I, like most Americans, love Independence Day.  My husband was in the Army and I have several other family members that have served in the military.  I love everything that the 4th of July stands for. This includes the fireworks displays.  But our neighbors are going on night 10 of their celebration and I’m starting to come unglued.


Last Friday, that would be June 30, the celebration kicked off.  My husband and I were prepared for it. With the 4th falling on a Tuesday we assumed the weekend prior would be filled with neighbors setting off their own magical displays.  We tried to prepare our six year son, who’s autistic, but he really didn’t understand what we were talking about until he heard “the loud giants fighting” outside.  No clue why he thought the fireworks sounded like giants but that’s what he came up with.  The sounds scared him to death, much like they scared my other neighbors poor little dog (we could hear him barking up into the wee hours of the night) Friday and Saturday came and went and we thought to ourselves “we made it through” until Sunday night rolled around. By 930 they were celebrating yet again. By the time The 4th actually came around I was sure they had to be out of fireworks.  

But I was wrong. 


The sky around our little neighborhood lite up in bright colors of reds, green, blues, and golds. For hours different neighbors took turns setting off their displays celebrating their Independence Day. Which would have been beautiful if we could have actually enjoyed looking out the window. However in our home it was different. My husband and I took turns holding not only our six year old but by that time one of our three year olds and our 20 month old joined him in being scared to death of the giants that continued to fight night after night.  “Why must the giants fight momma? Why are they so mad? What did we do to upset them?  What if they don’t see us they could step on us momma”  
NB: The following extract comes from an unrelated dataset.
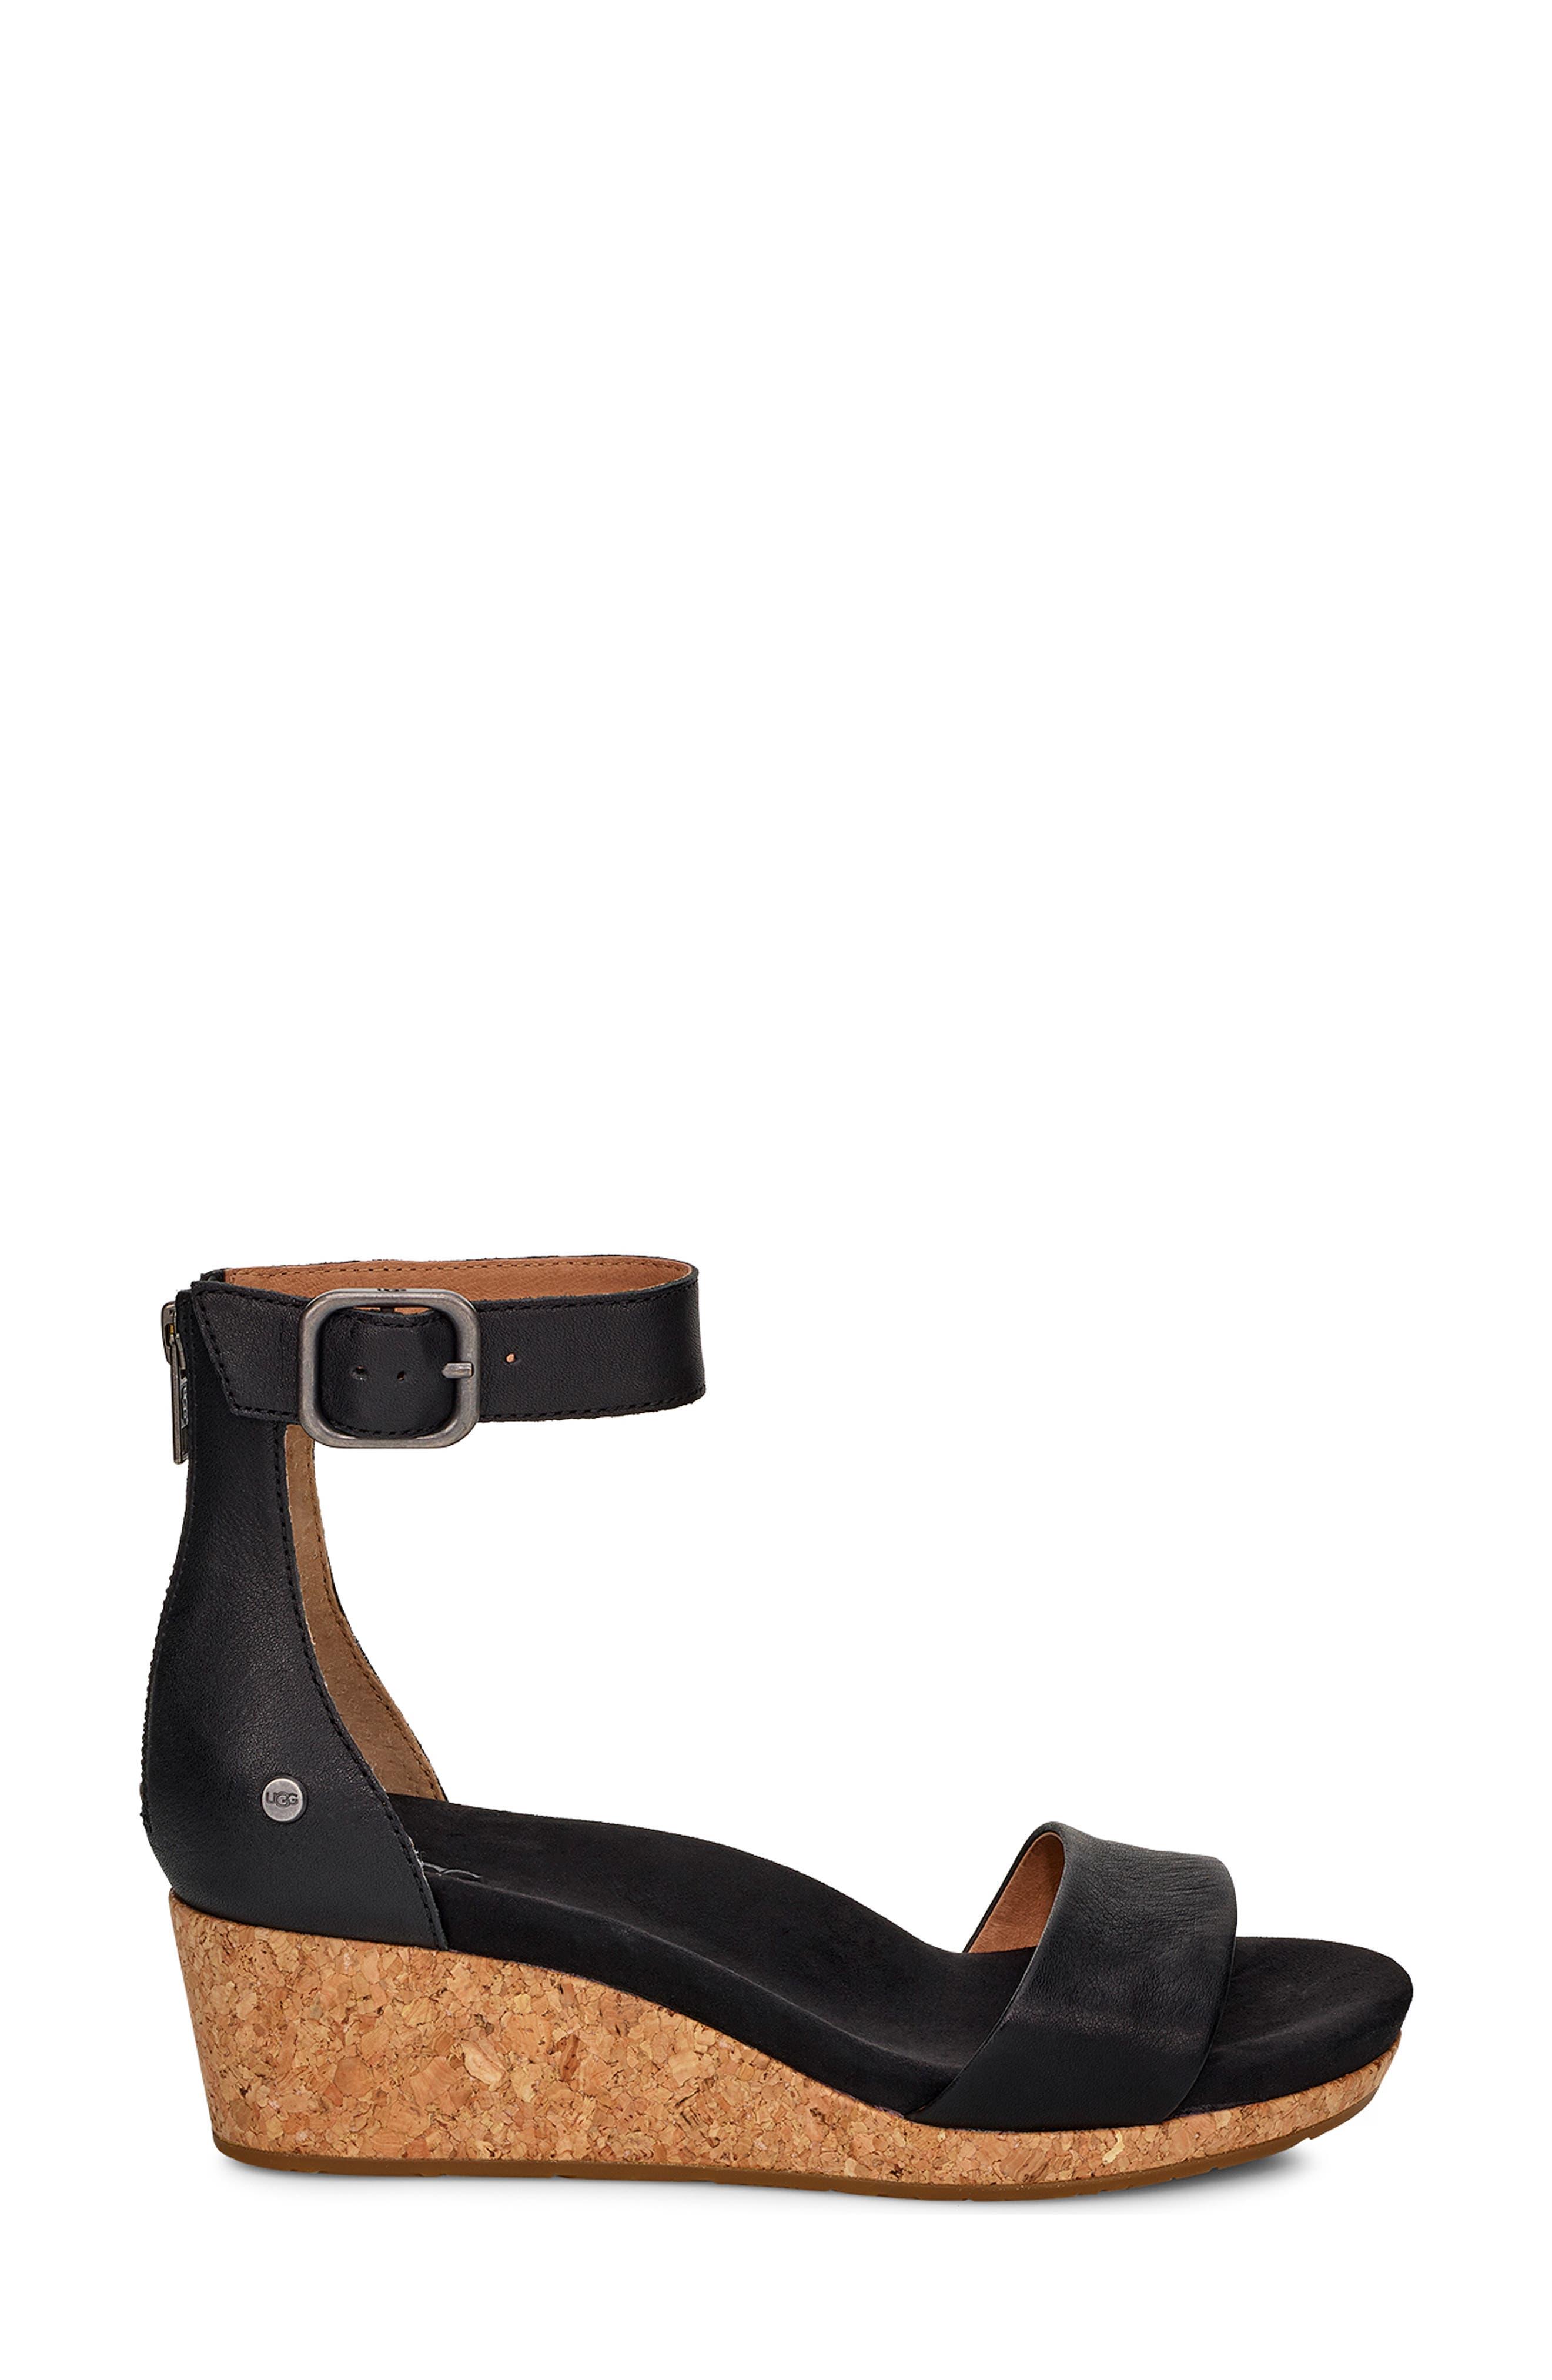 Zoe II Wedge Sandal,                             Alternate thumbnail 3, color,                             BLACK LEATHER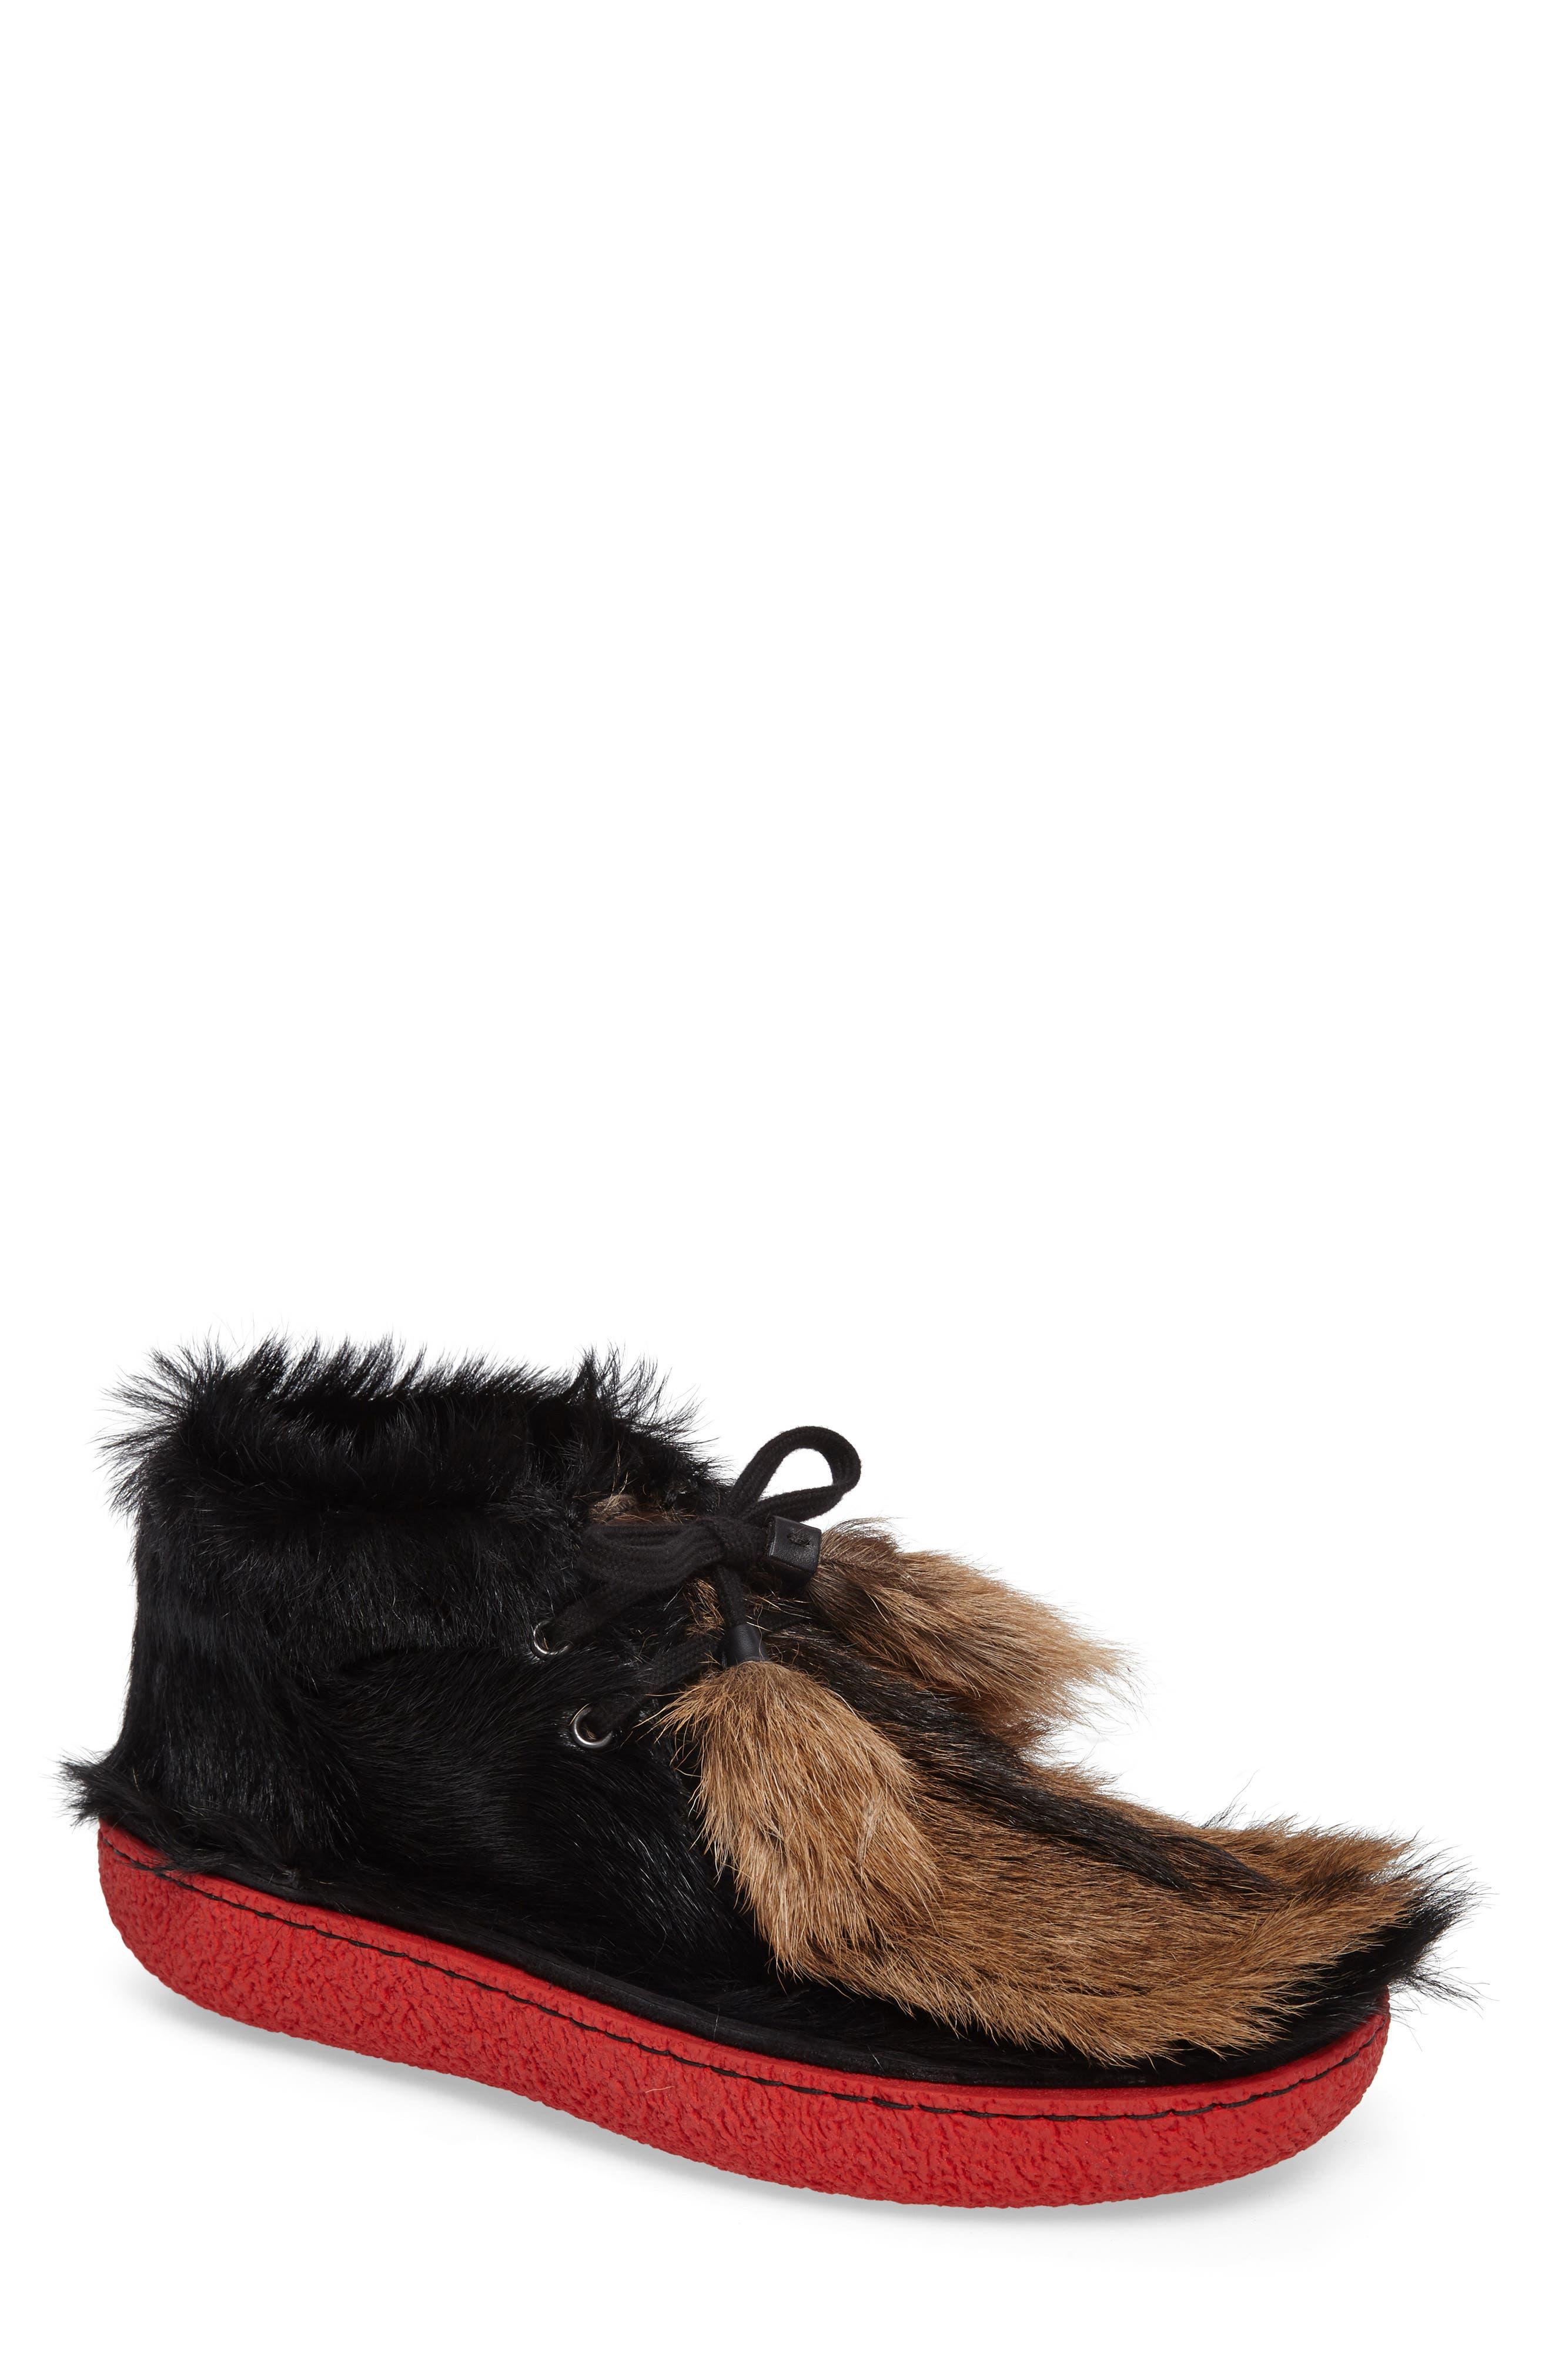 Genuine Calf and Goat Hair Chukka Boot,                         Main,                         color, Nero Multi

My husband and I are exhausted and so are three of our babies.

Tonight we are going on night ten. I am hoping (fingers crossed) that tonight is the final night of celebration. For nine nights we have shared our bed with not one but three terrified kids. Sleep is not something that has happened much.  I have claw marks on my arms and neck where baby girl has literally climbed up me shaking to get away from the noise.  I have a place on my leg where wild man was squeezing me and refused to let go until he knew the giants were gone.  It’s been a long ten days.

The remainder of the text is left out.